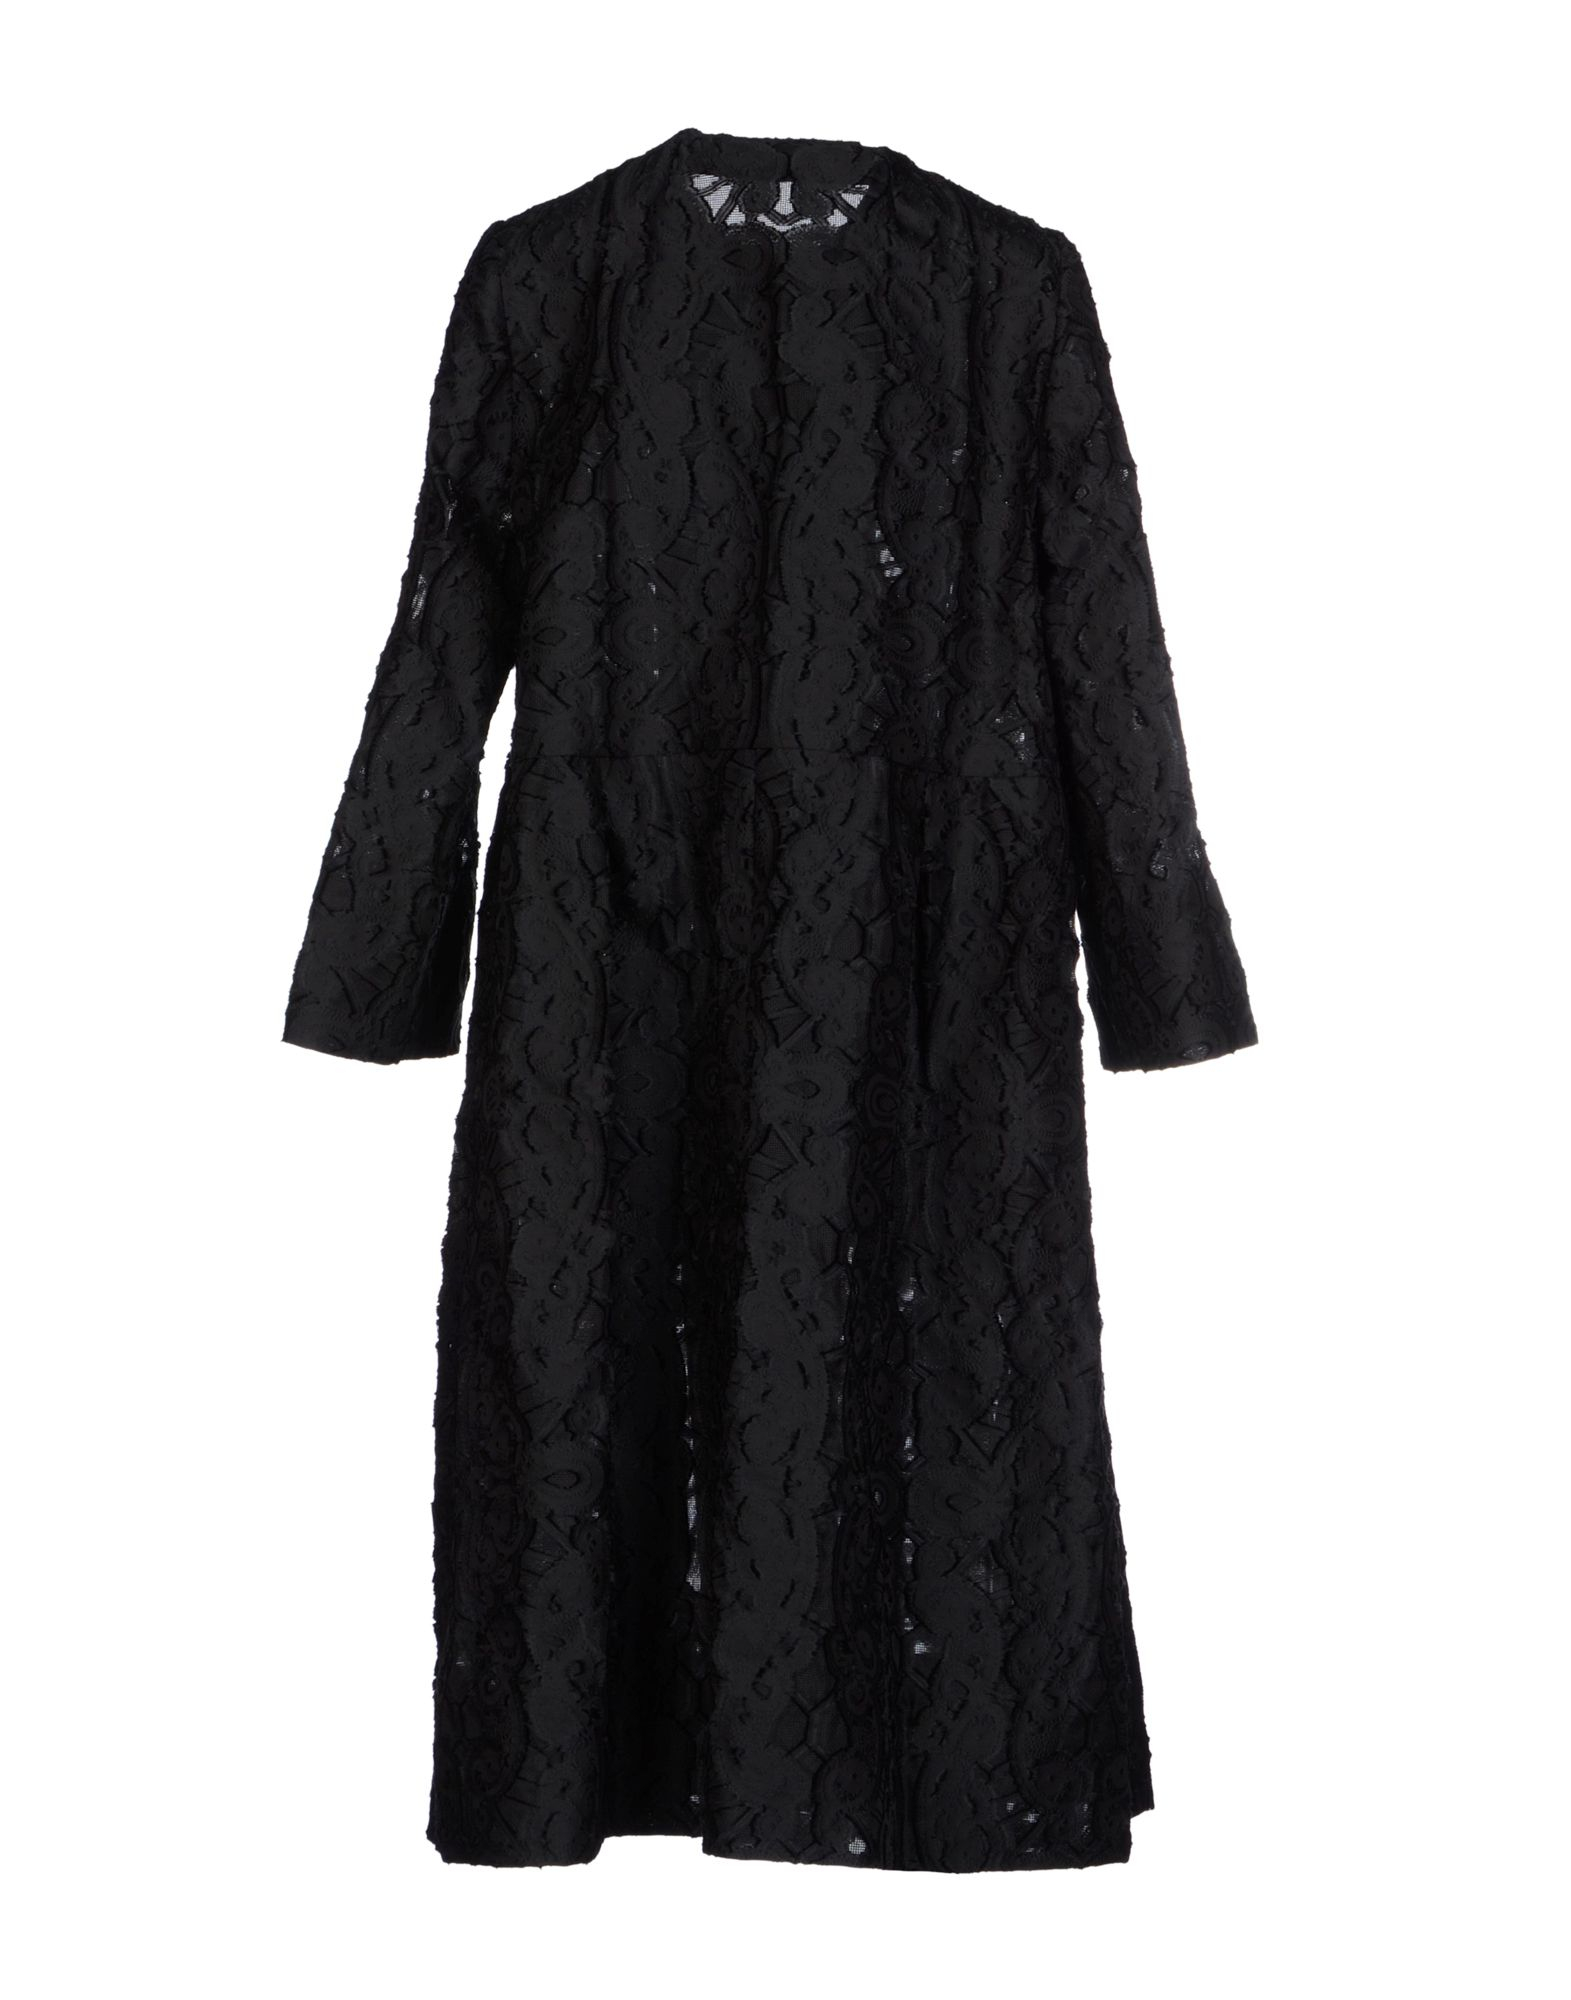 lyst dolce gabbana fitted jacket in black. Black Bedroom Furniture Sets. Home Design Ideas
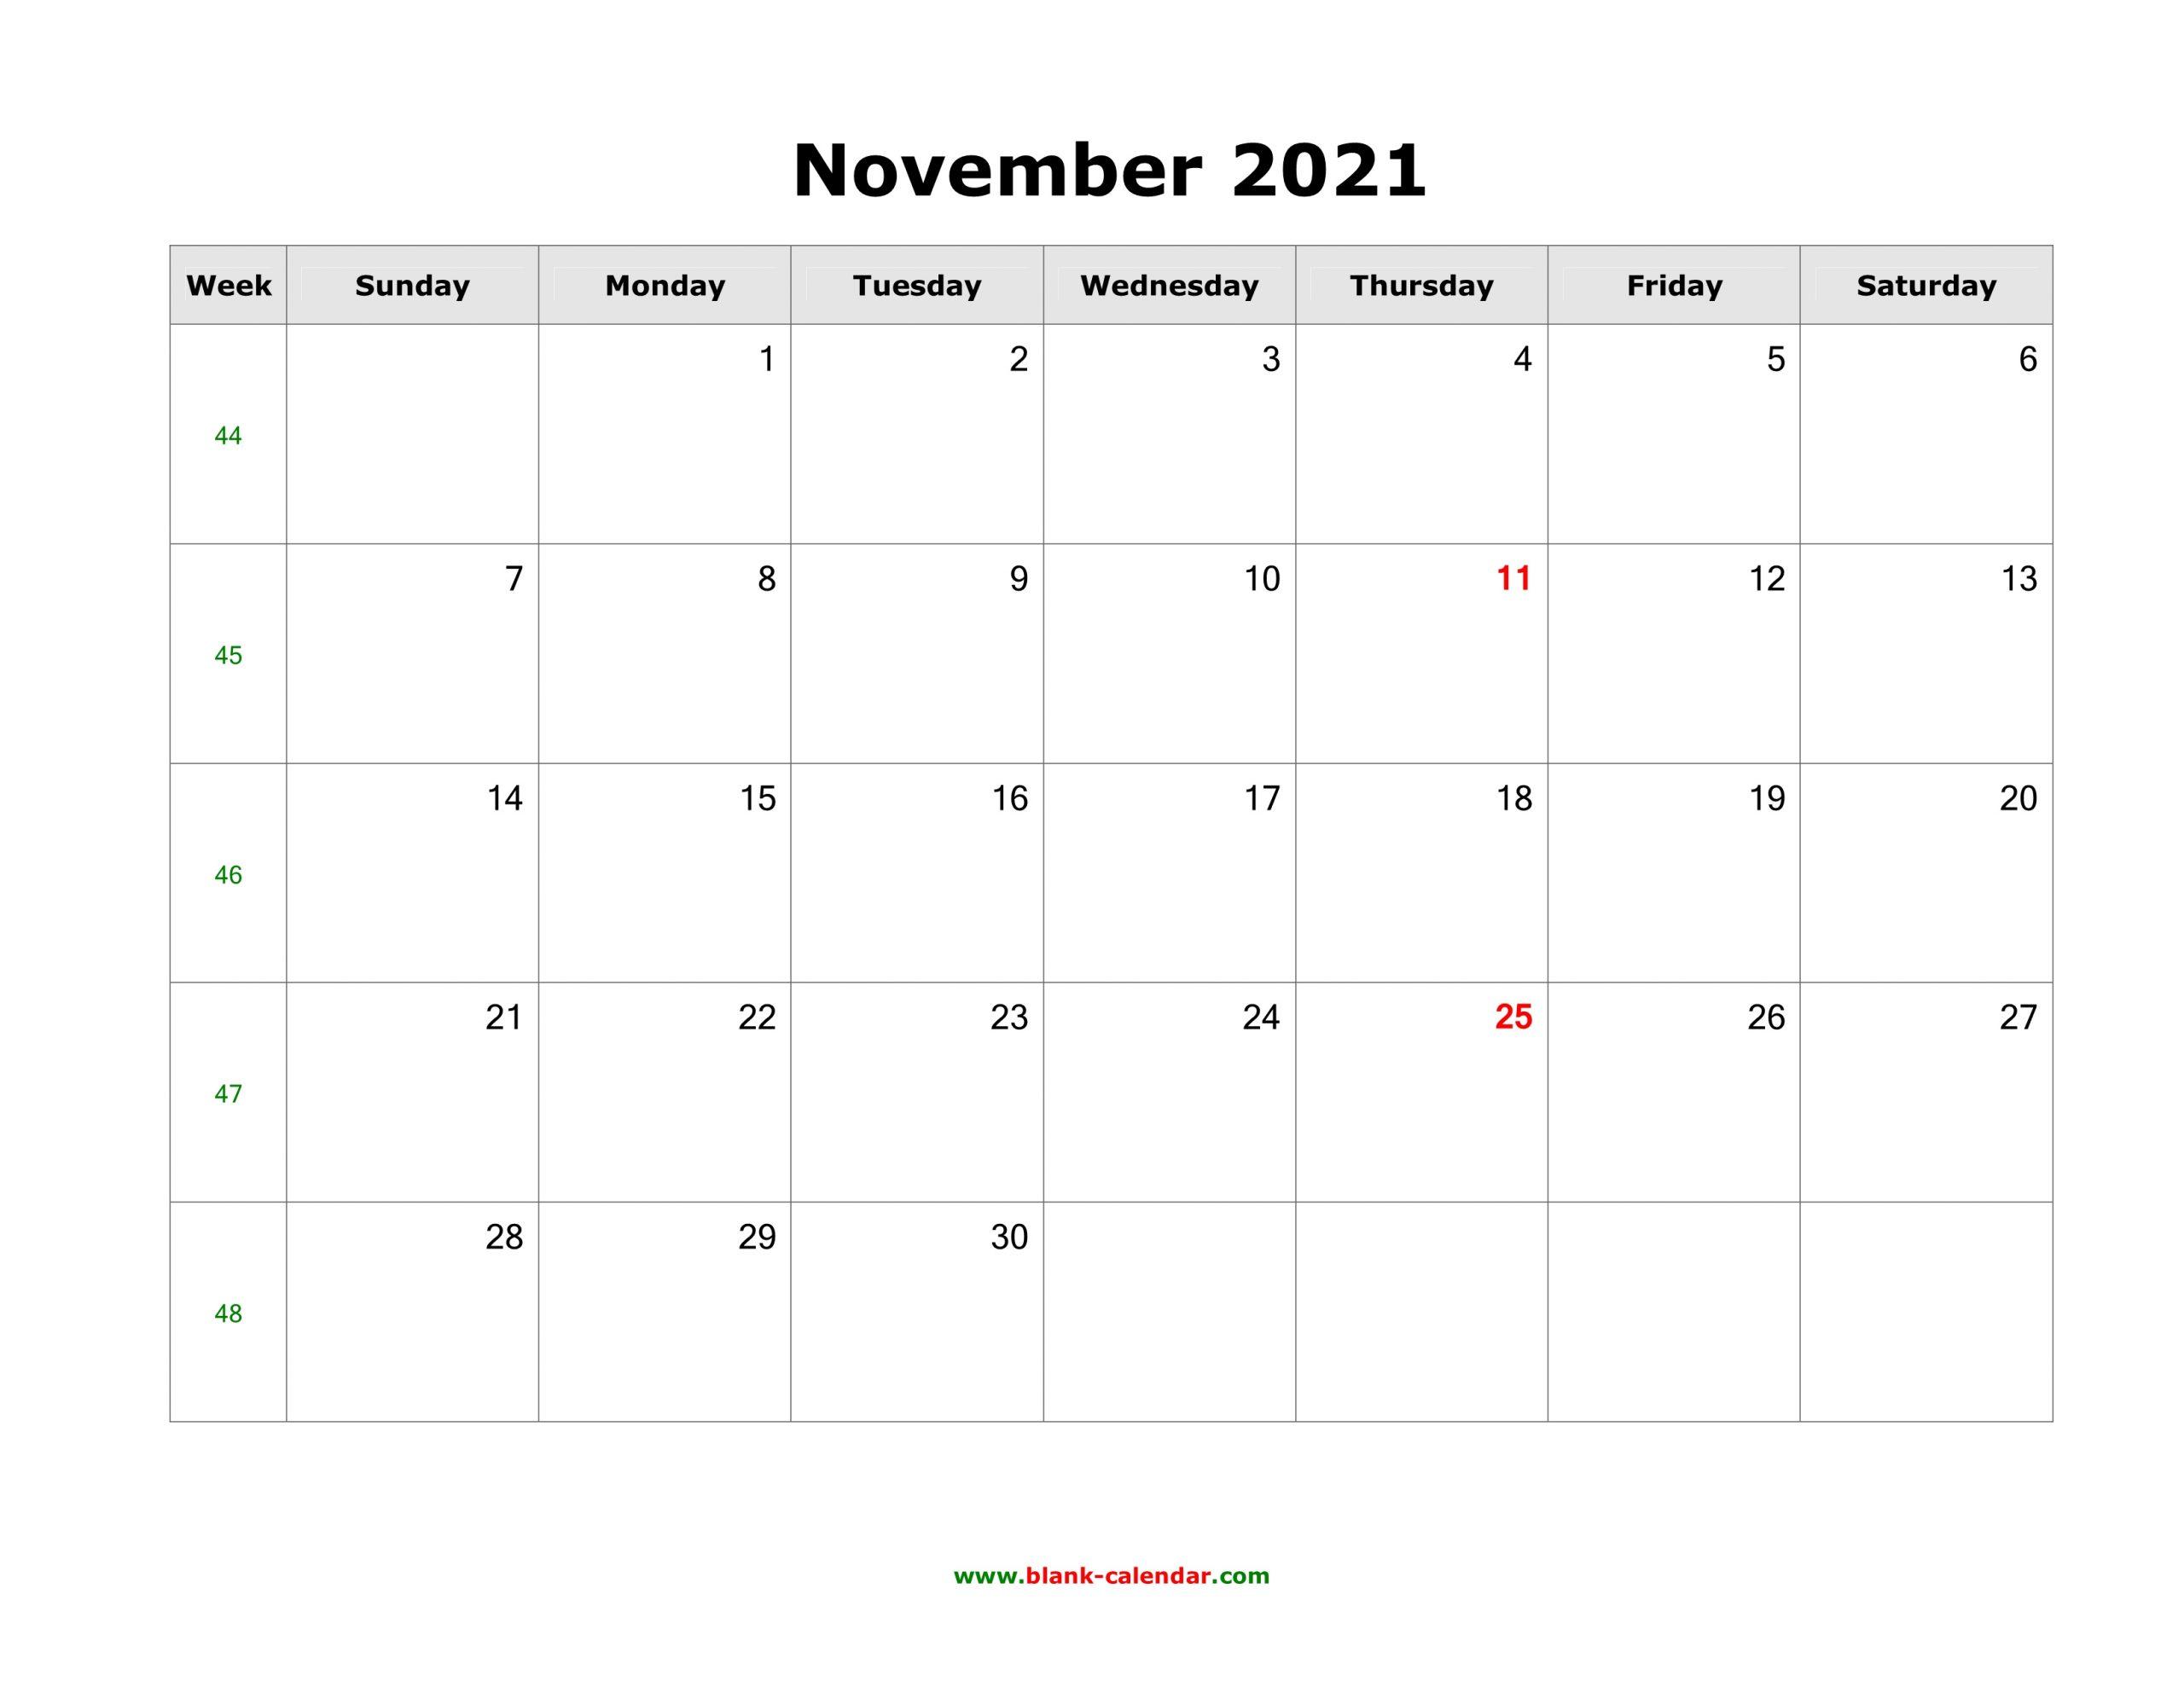 Download November 2021 Blank Calendar (Horizontal) November 2021 Calendar To Print
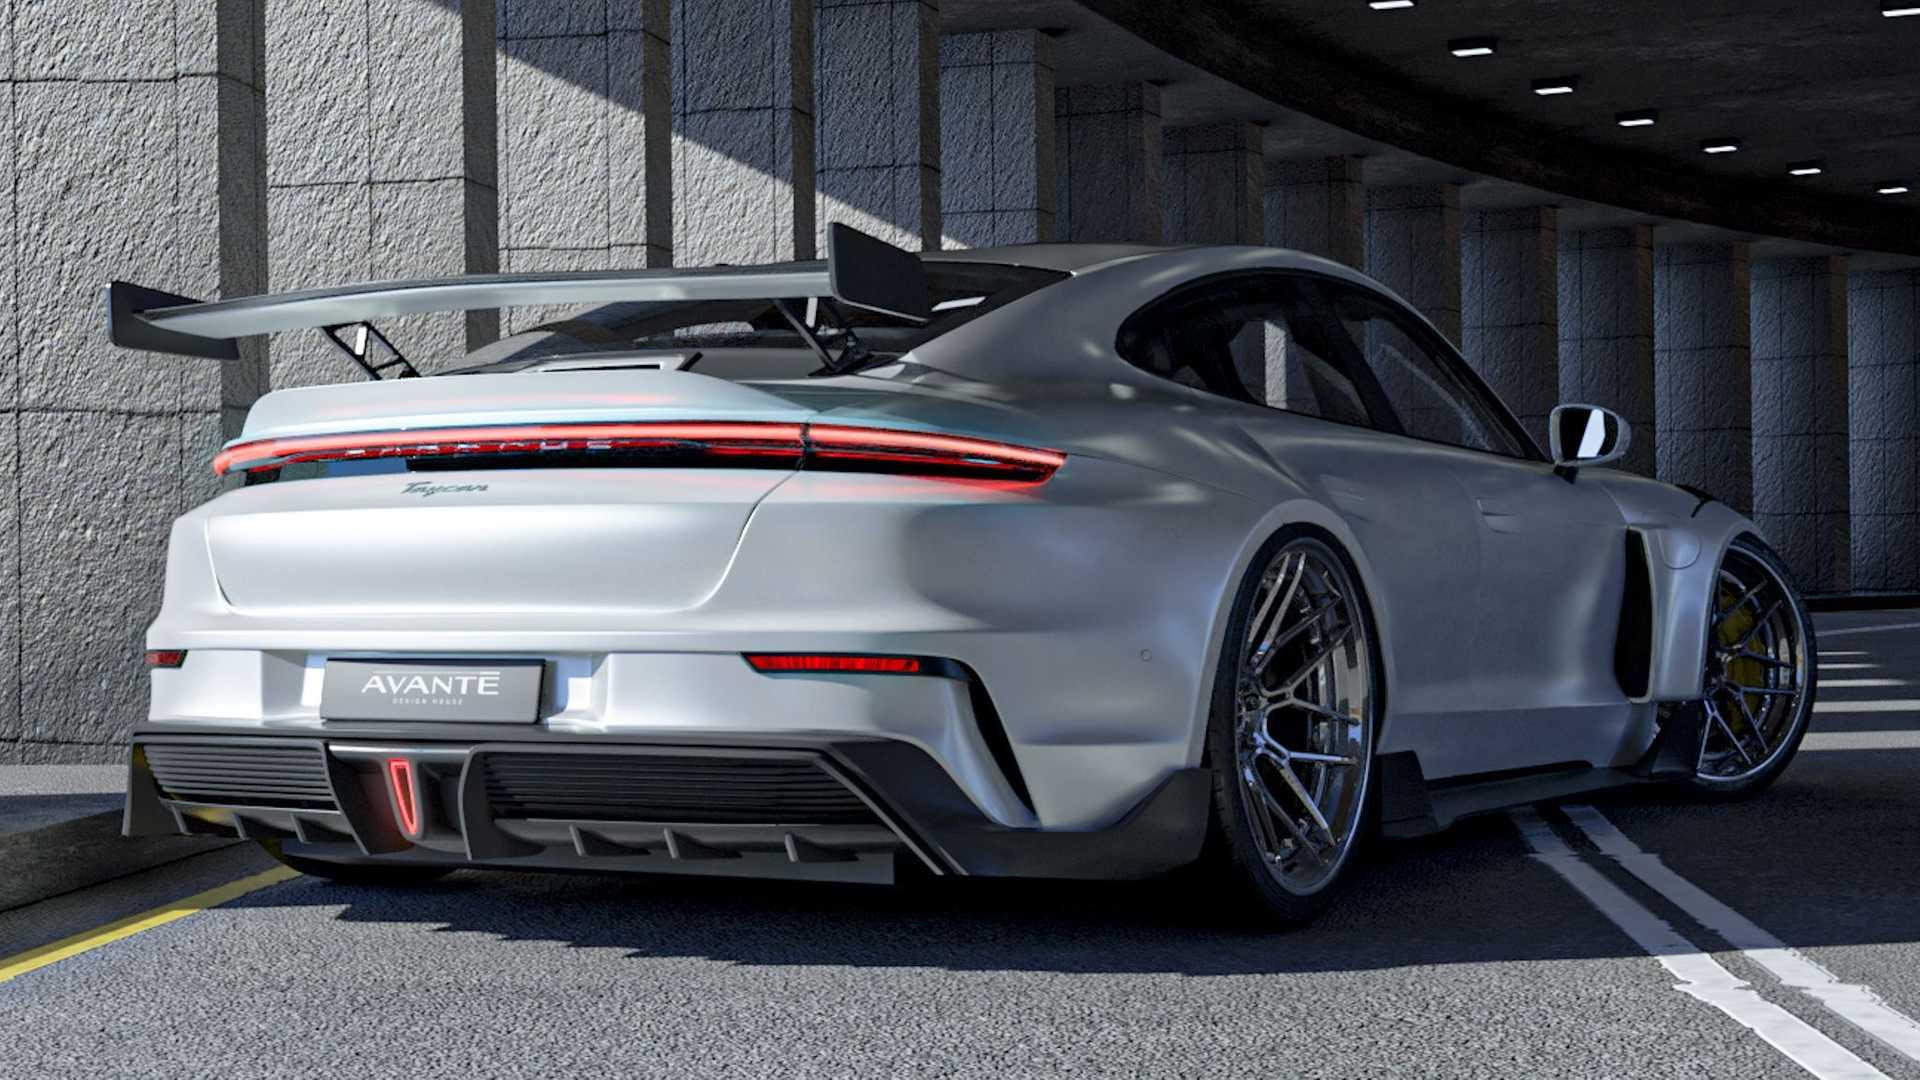 Porsche-Taycan-by-Avante-Design-3

******************************

Work instruction
Pictures excluded, write out exactly and only the lines of the material from the one containing "Download November 2021" up to and including the last line.

Written answer
 Download November 2021 Blank Calendar (Horizontal) November 2021 Calendar To Print
 Porsche-Taycan-by-Avante-Design-3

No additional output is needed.